What’s a Google Manual Action?
As you should also know by now, there is a list of rules you’ve got to follow for Google to include your website’s pages on their search results page. If you fail to comply with their guidelines, then boom. Red flag for your page and you need to fix the problem before they allow it back on the results page. Crossing those lines are when Manual Actions happen.
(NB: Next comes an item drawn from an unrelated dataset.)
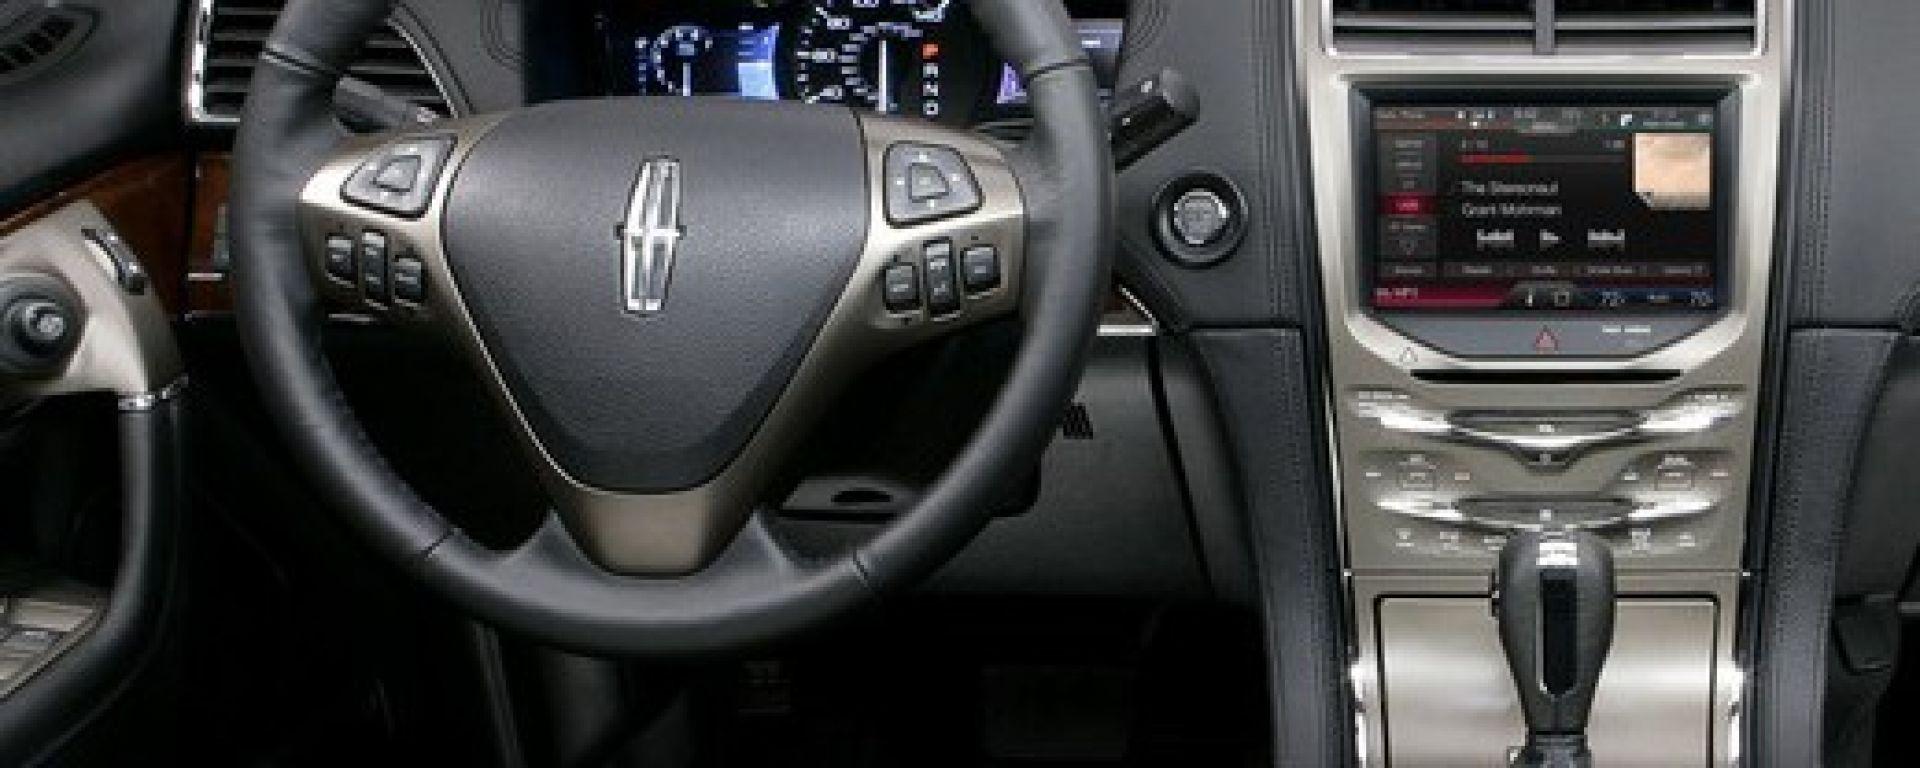 L'auto diventa multimediale

While most of the time the algorithms pick up spammy behavior, there are occasions when a human reviewer is needed to determine if they should demote or remove the page. Thankfully, most of the time, you have the opportunity to fix the mistake, but sometimes they delete the page from search results. Depending on what type of manual action you receive, the ranking of your site could be affected. Yeowch. If that’s the case, you’ll get an email to let you know, though.
Rational, right? Sure. So what exactly is user-generated spam, then?
Understanding User-generated Spam
In the video above with Google’s own Matt Cutts, Matt describes user-generated spam as the following:
Typically, user-generated spam would be, for example, if you’re running a forum. And that forum, maybe you weren’t paying as much attention to it. It can get overrun with spammers leaving a whole bunch of spammy comments. Another common thing we’ll see is spammy user profiles. So somebody will make a user that claims to have the name DiscountCarInsurance or something like that. […] Those are the most typical cases, but it can be, you know, maybe you have a blog, and you left the comments where the comments have really gotten out of control.
What Matt is saying is, essentially, what tools you were/are using on your site are (likely) not by any means an inherent violation of Google’s webmaster agreements, but if you’ve not done your due diligence, or these features just became quickly overrun with spam. These features are acceptable, but as they stand with every variant of spammy usernames and spammy messages to spammy comments, they are no longer following Google’s quality guidelines.
AKA: Your lovely garden is now all weeds. Weed-killing time!
As Matt also discusses, this particular offense is usually only considered a partial match/offense instead of the entire site being roped off or slapped with a full-site Manual Action or even having Google delete your site from their results.
Fixing User-generated Spam
Welp, you’re not going to like this, but we need to weed the garden, as mentioned. That might take some metaphorical elbow grease, some metaphorical bugs in your hair, and even some metaphorical scuffed up knees, but your time spent should prove a solution to your user-generated spam problems.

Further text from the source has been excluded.